[[ DATA BELOW, beginning ]]
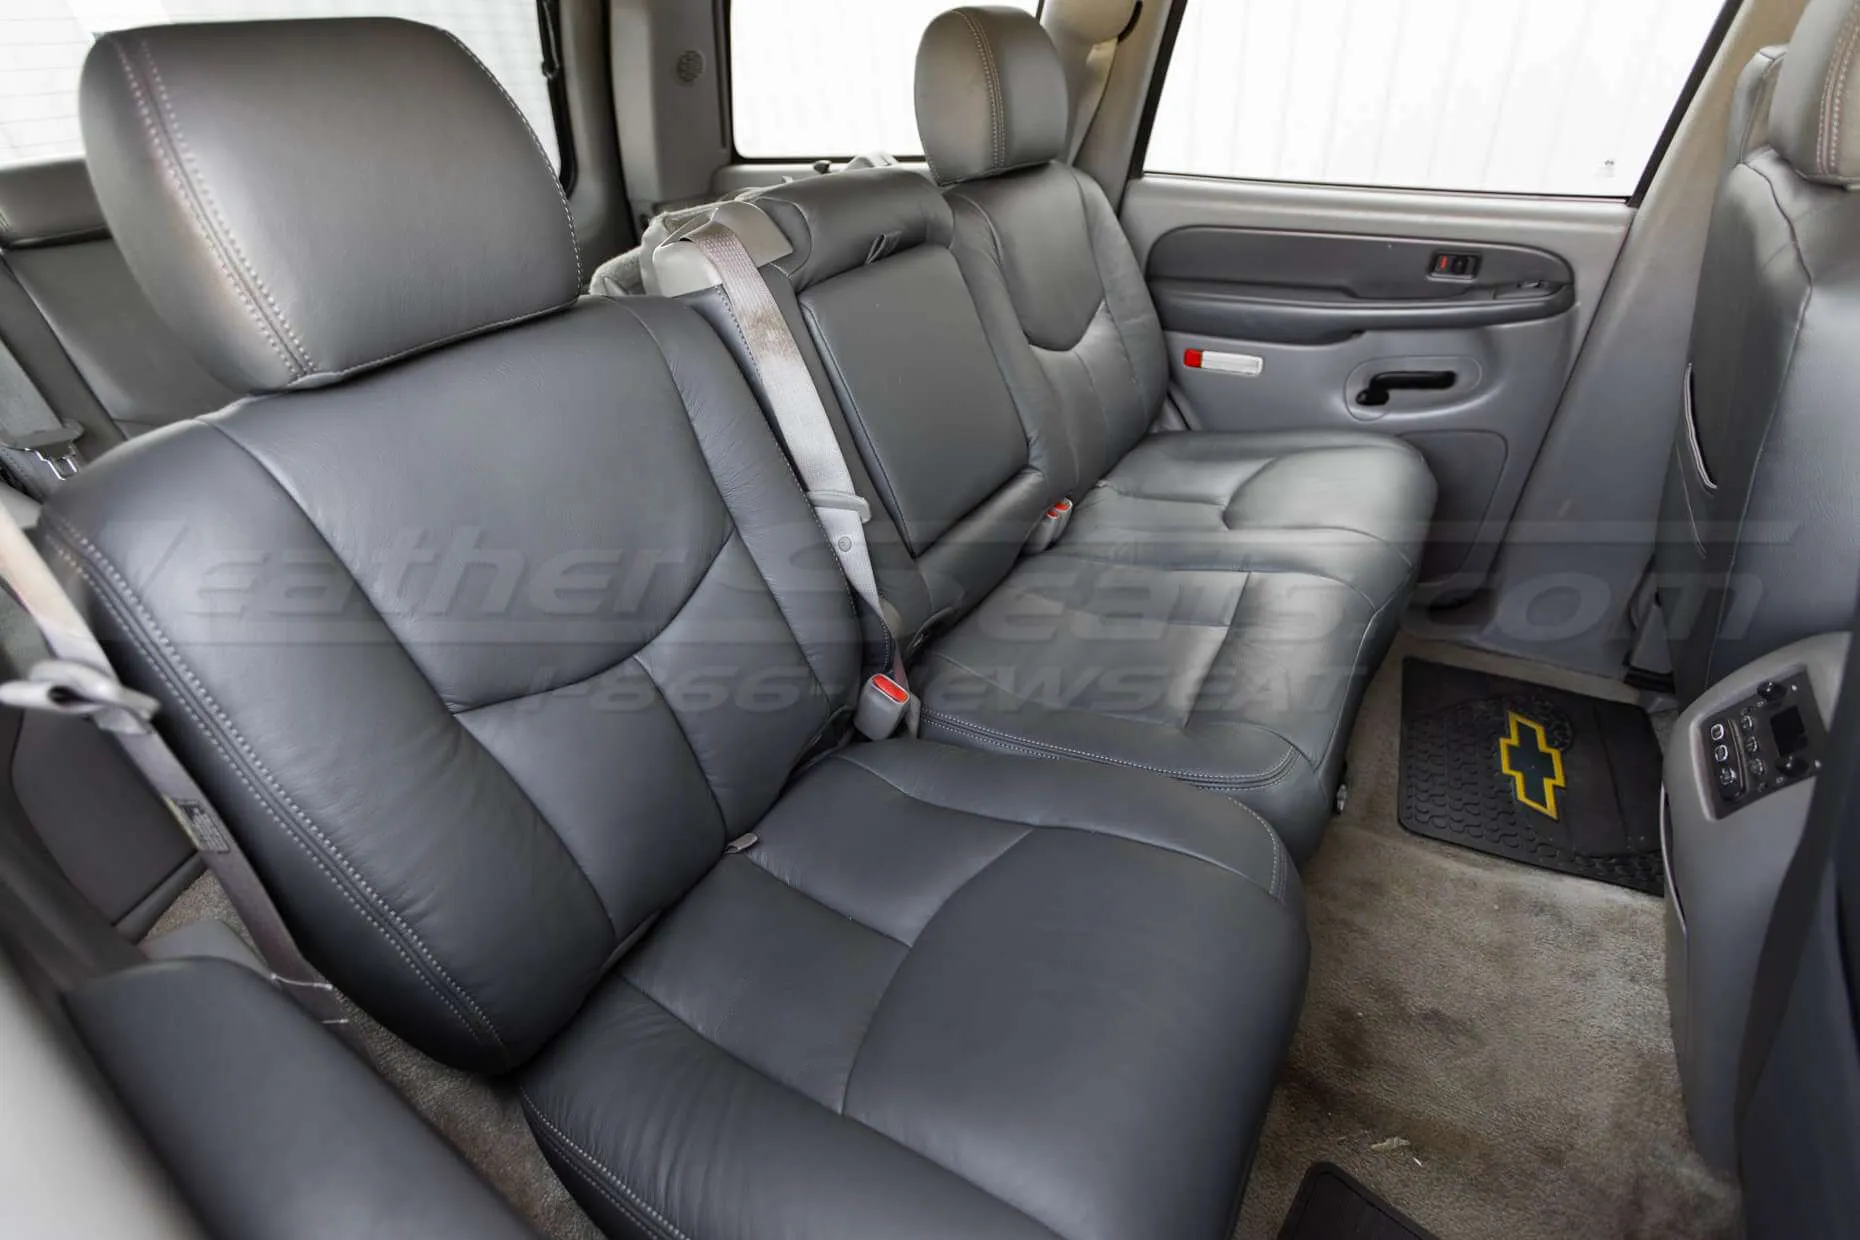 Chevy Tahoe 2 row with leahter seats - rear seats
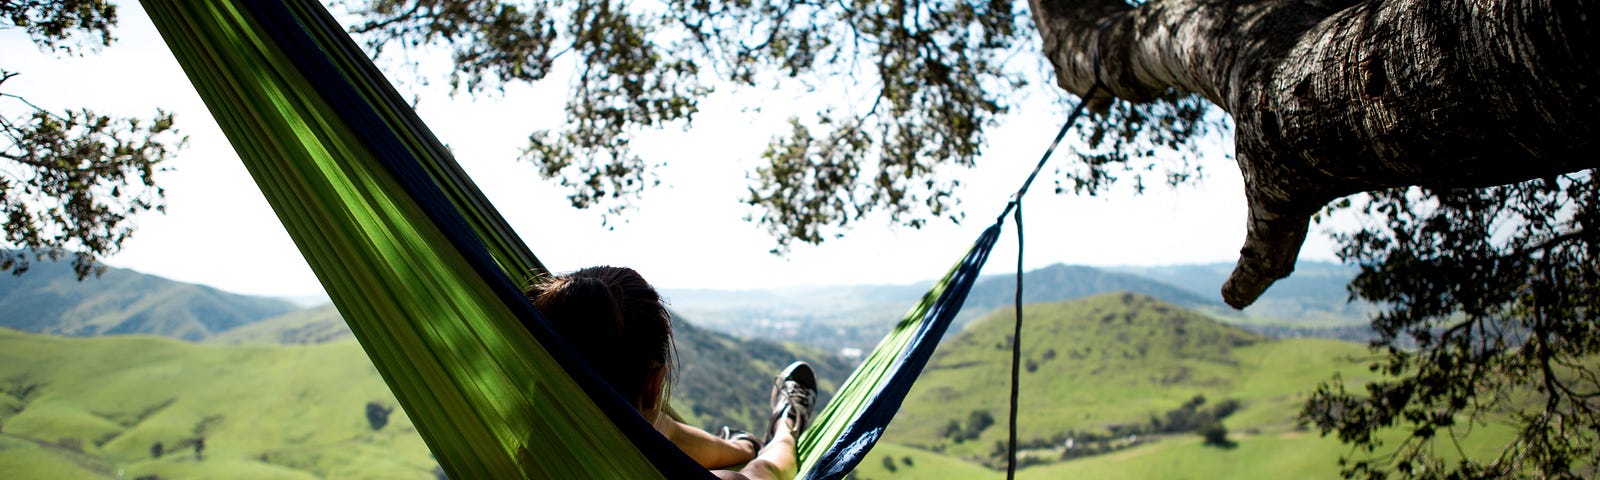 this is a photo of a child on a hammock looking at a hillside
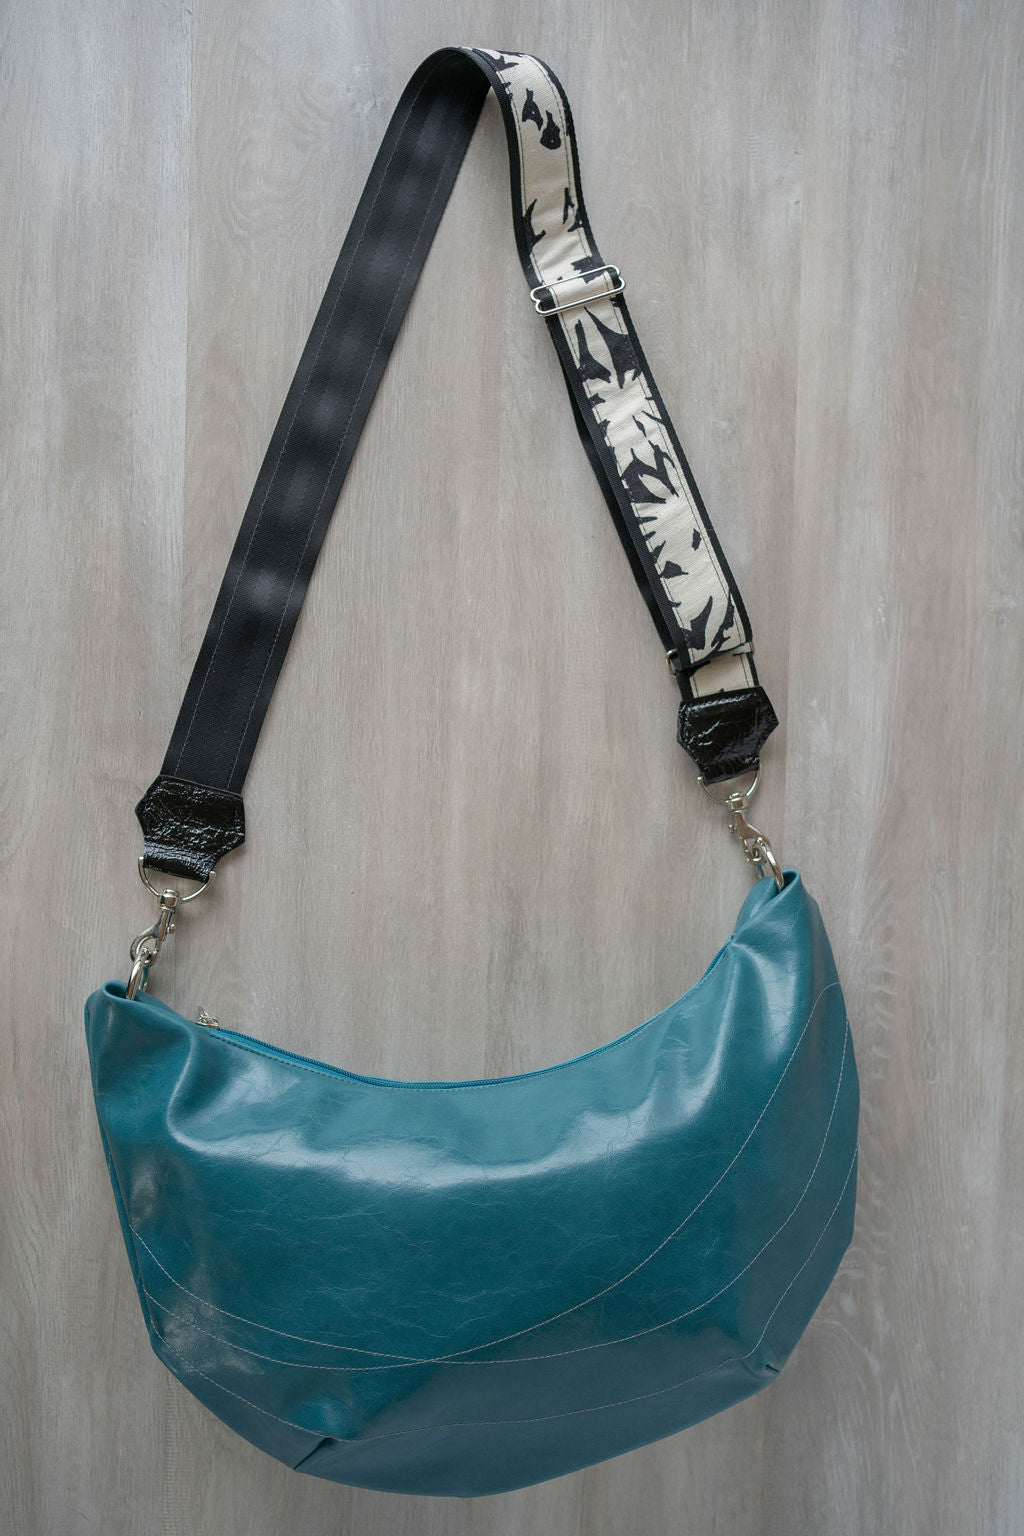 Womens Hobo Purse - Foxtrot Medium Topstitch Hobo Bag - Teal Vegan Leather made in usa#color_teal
[[ DATA BELOW, end ]]
# [TASK TO COMPLETE]
In the listing, find the line with "this is a photo" and retype exactly from there through the last line, both included, leaving the pictures out.

# [RESULT OF THE TASK]
 this is a photo of a child on a hammock looking at a hillside
 Womens Hobo Purse - Foxtrot Medium Topstitch Hobo Bag - Teal Vegan Leather made in usa#color_teal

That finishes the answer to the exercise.